On the other end of the marine exploitation spectrum, important contributions
have been made regarding shifts toward the taking of larger-bodied fish and sea
mammals in the late Holocene. In this vein, Erlandson et al. (2009) review extant
data from shell middens on the northern Channel Islands through most of the
Holocene, finding that Santa Barbara Channel populations fished ‘‘up the food
web,’’ in contrast to modern fishery practices, which have tended toward exploiting
smaller-bodied prey as populations of larger species have declined (Reitz 2004).
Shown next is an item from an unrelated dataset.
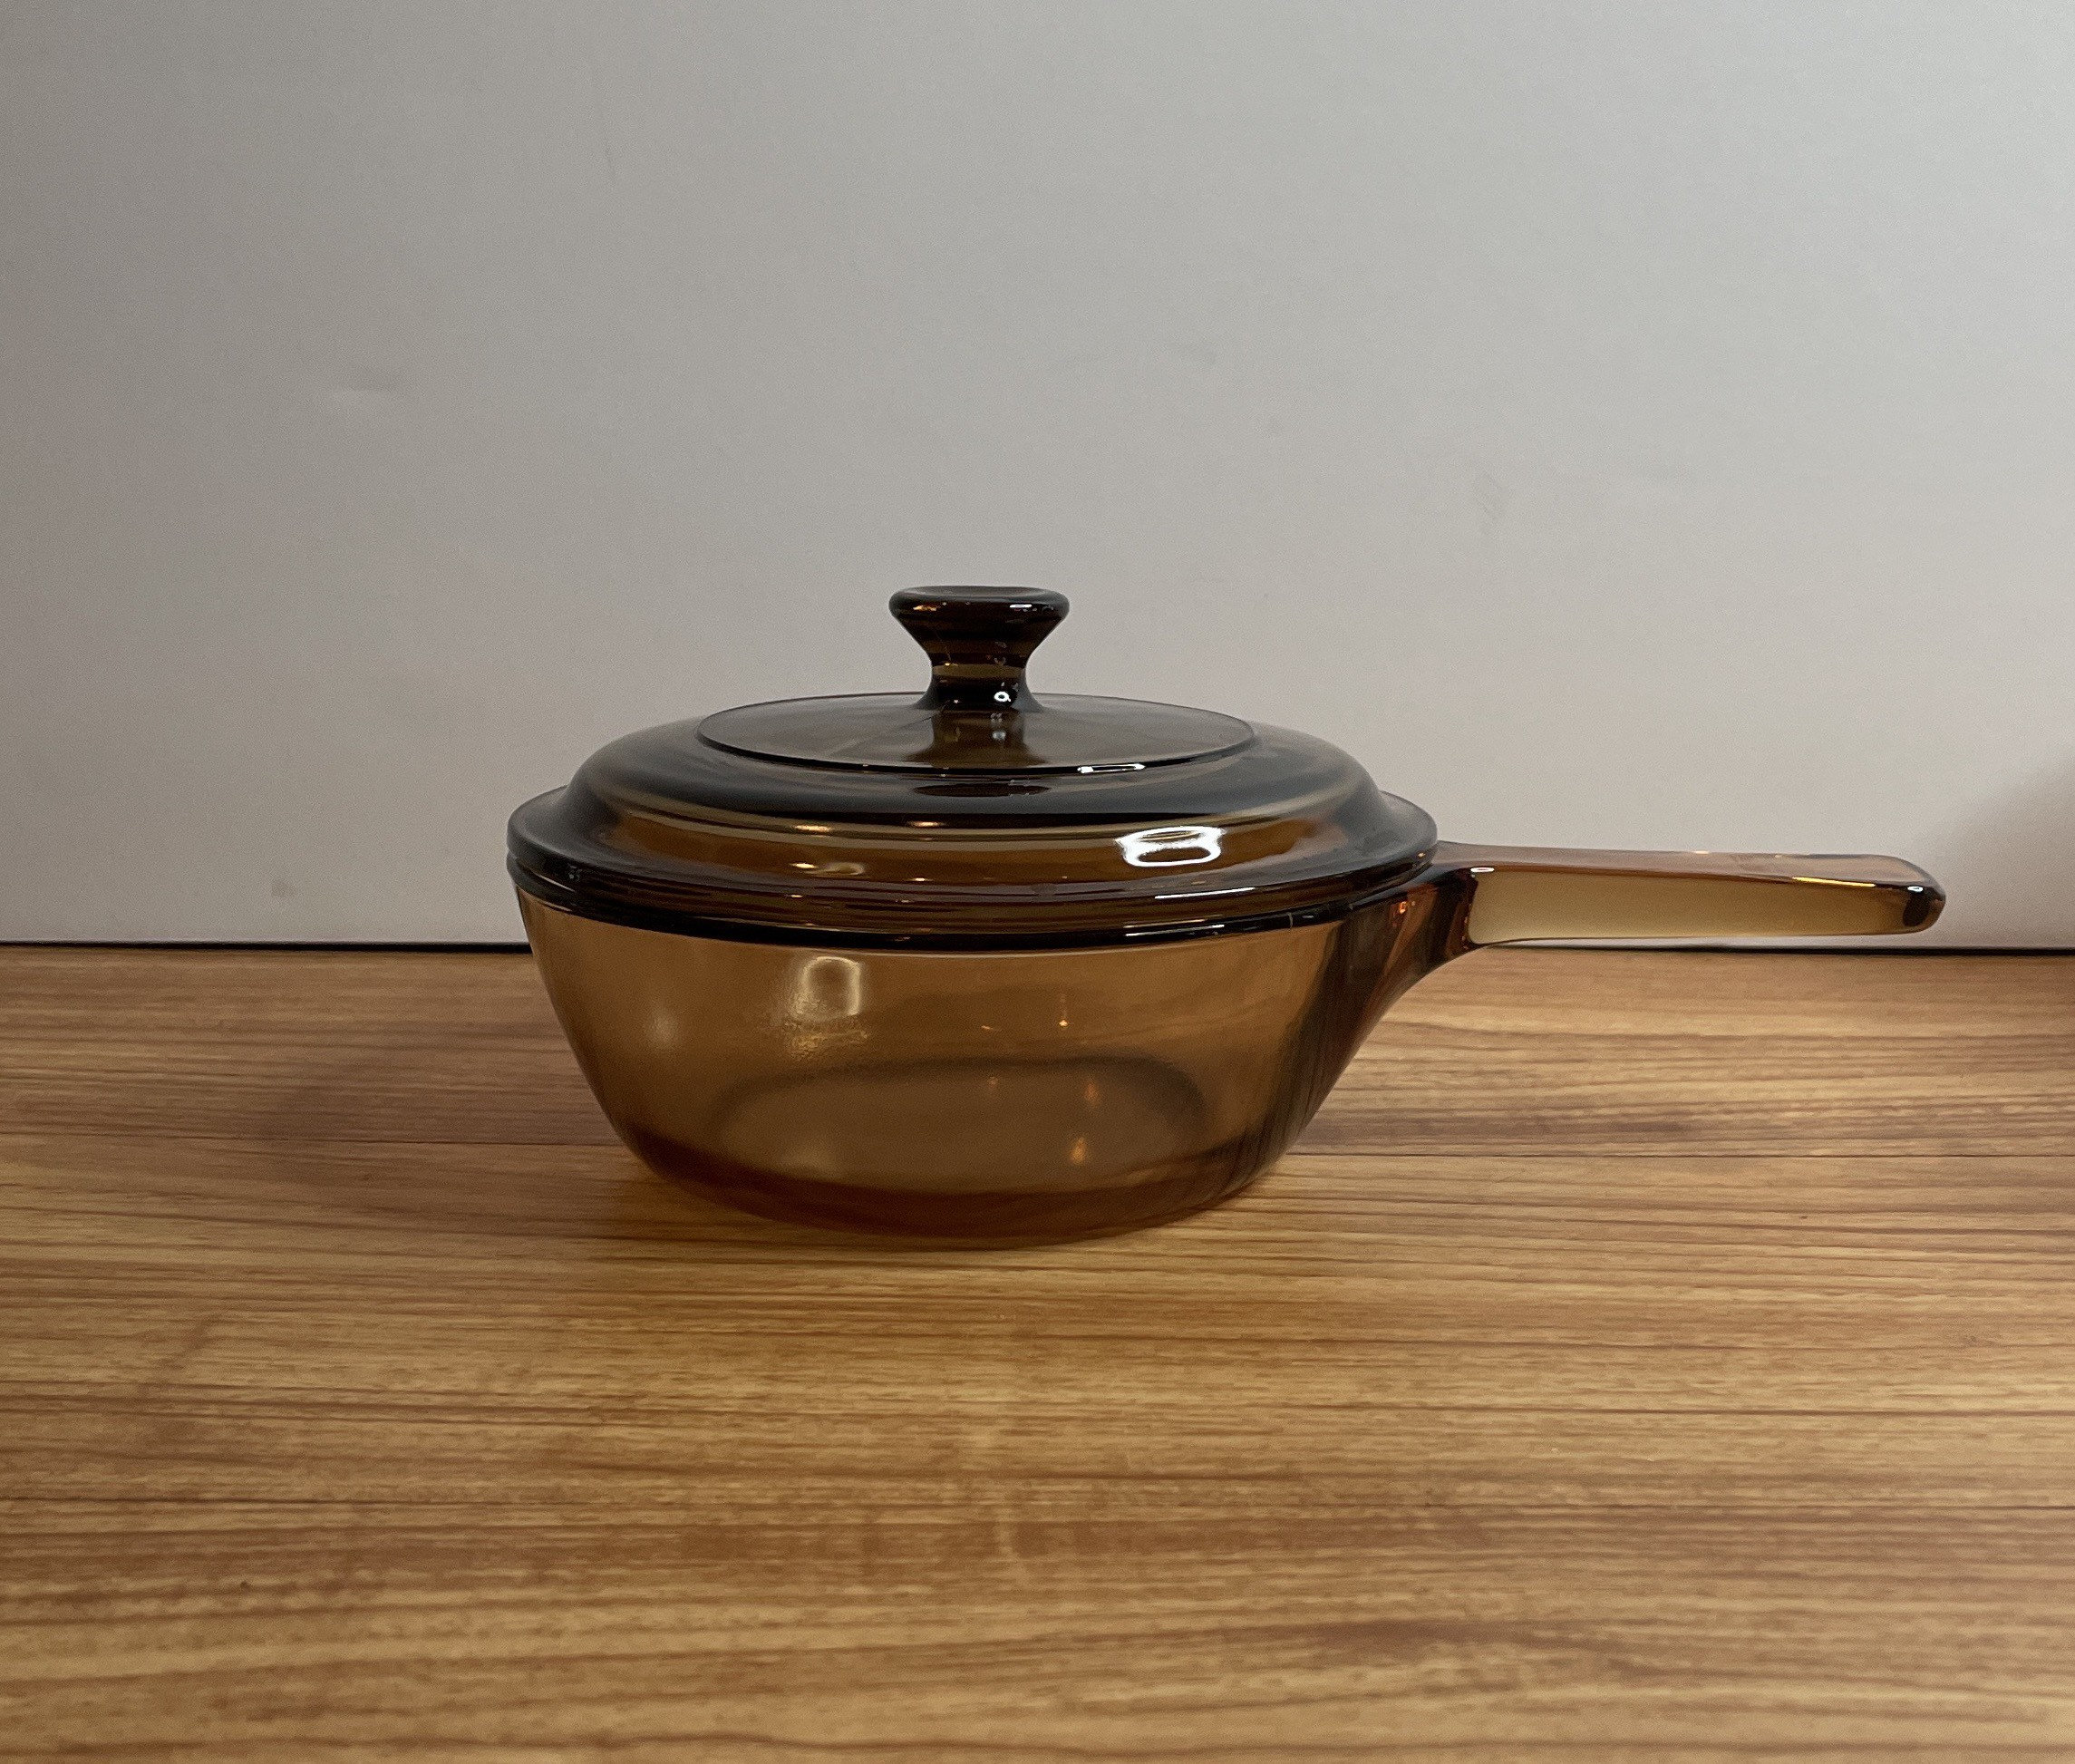 3/4 Quart 3 Cups Visions Sauce Pan With Spout 7 Liter Brown Amber Pyrex  Glass Pot france Vintage Corning Vision Cookware 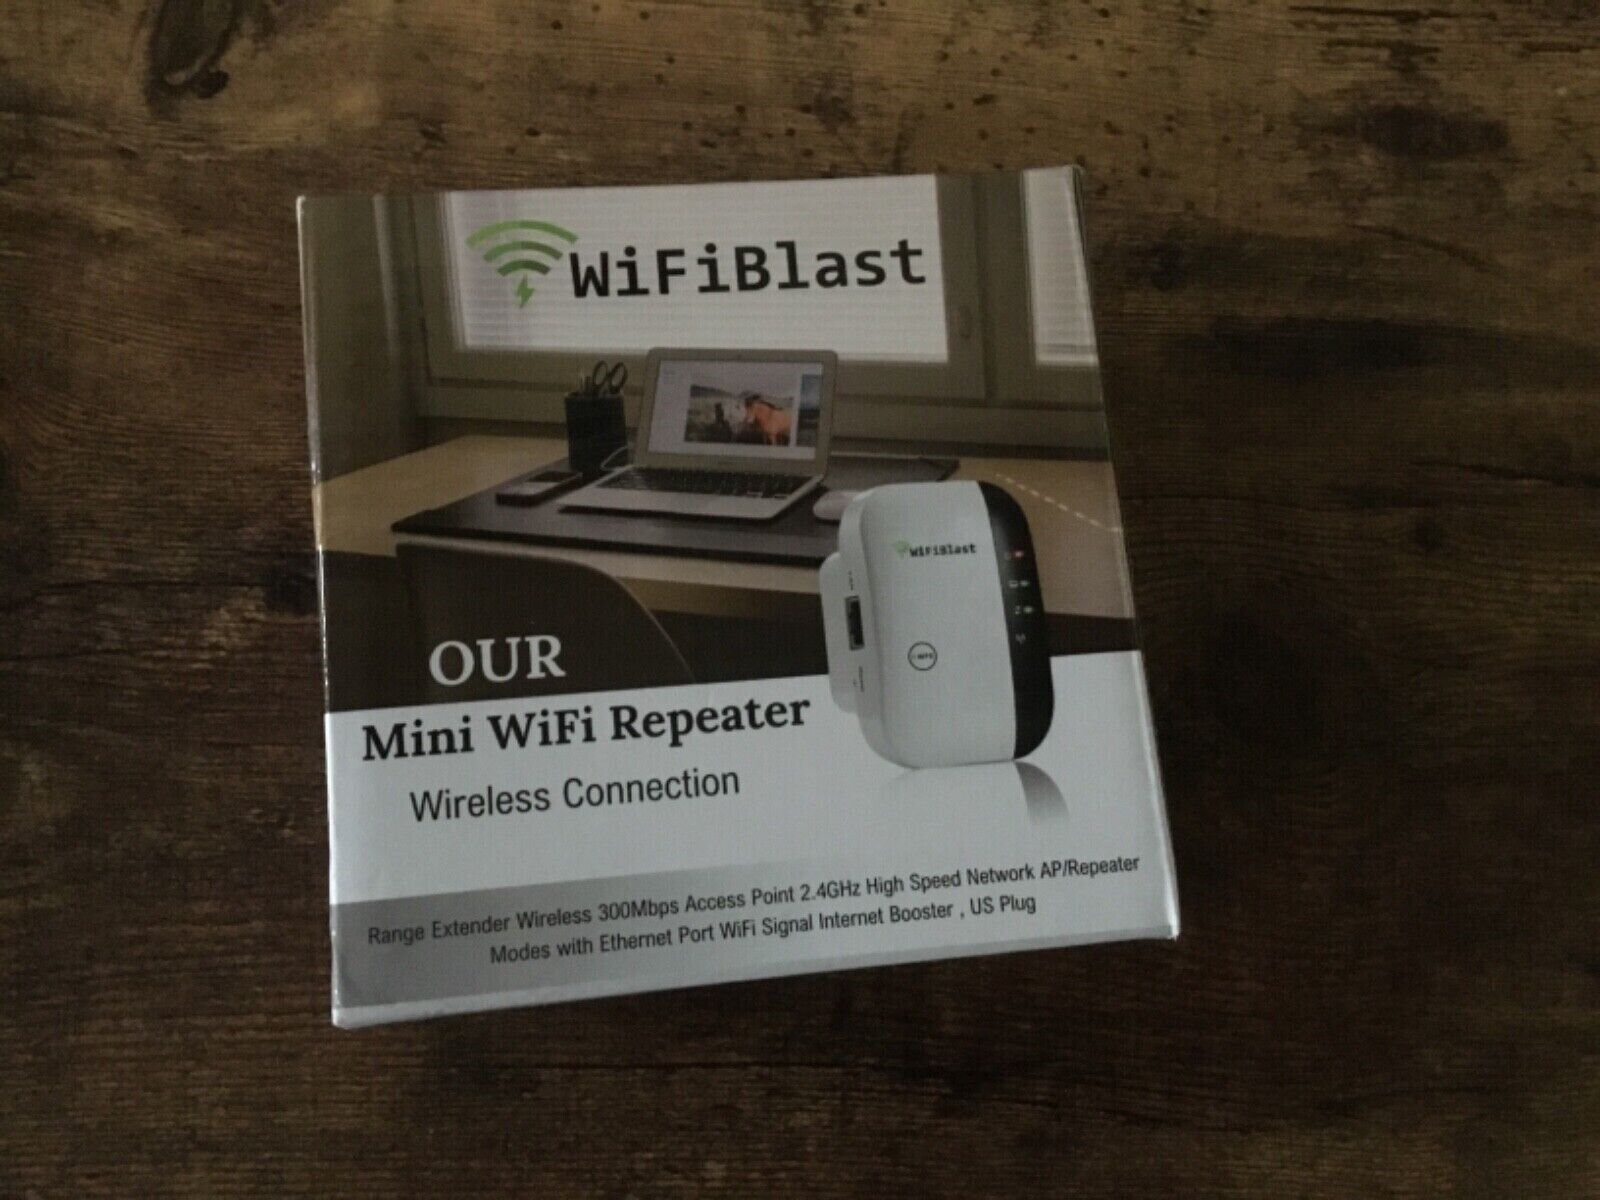 OUR MINI WIFI REPEATER/WIFI BLAST 300MBPS ACCESS POINT 2.4GHZ

Erlandson and colleagues show a dominance of shellfish early on, beginning around
8000 BP, but a shift toward preying on pelagic finfish and pinnipeds in the late
Holocene. They attribute this in part to technological innovations such as the tomol
(sewn plank canoe) and more sophisticated fishhooks. Braje (2010), Erlandson et al.
(2008), and Rick (2011) make similar assertions about long-term trends in the
development of Channel Islands marine economies, couching their analyses in the
perspective that expanding human populations drove expanding diet breadth. What
is significant about this expansion is that it was based on catching bigger-bodied and
therefore, by common measures, higher-return fish (Broughton 1997). But pelagic
species were caught in tomols, which represent large technological investments
(Arnold 2007). They also were a critical part of a sophisticated, trans-channel,
beads-for-terrestrial resources exchange system (Arnold 1991, 1992a; Fauvelle
2013), so pelagic fishing was embedded with other economic (as well as probably
social and political) pursuits. The question of fishing returns and efficiency is thus a
complex one given the costs of the technological investments required to intensively
exploit pelagic fish and the degree to which these investments were offset by
embedding fishing with other activities such as trade.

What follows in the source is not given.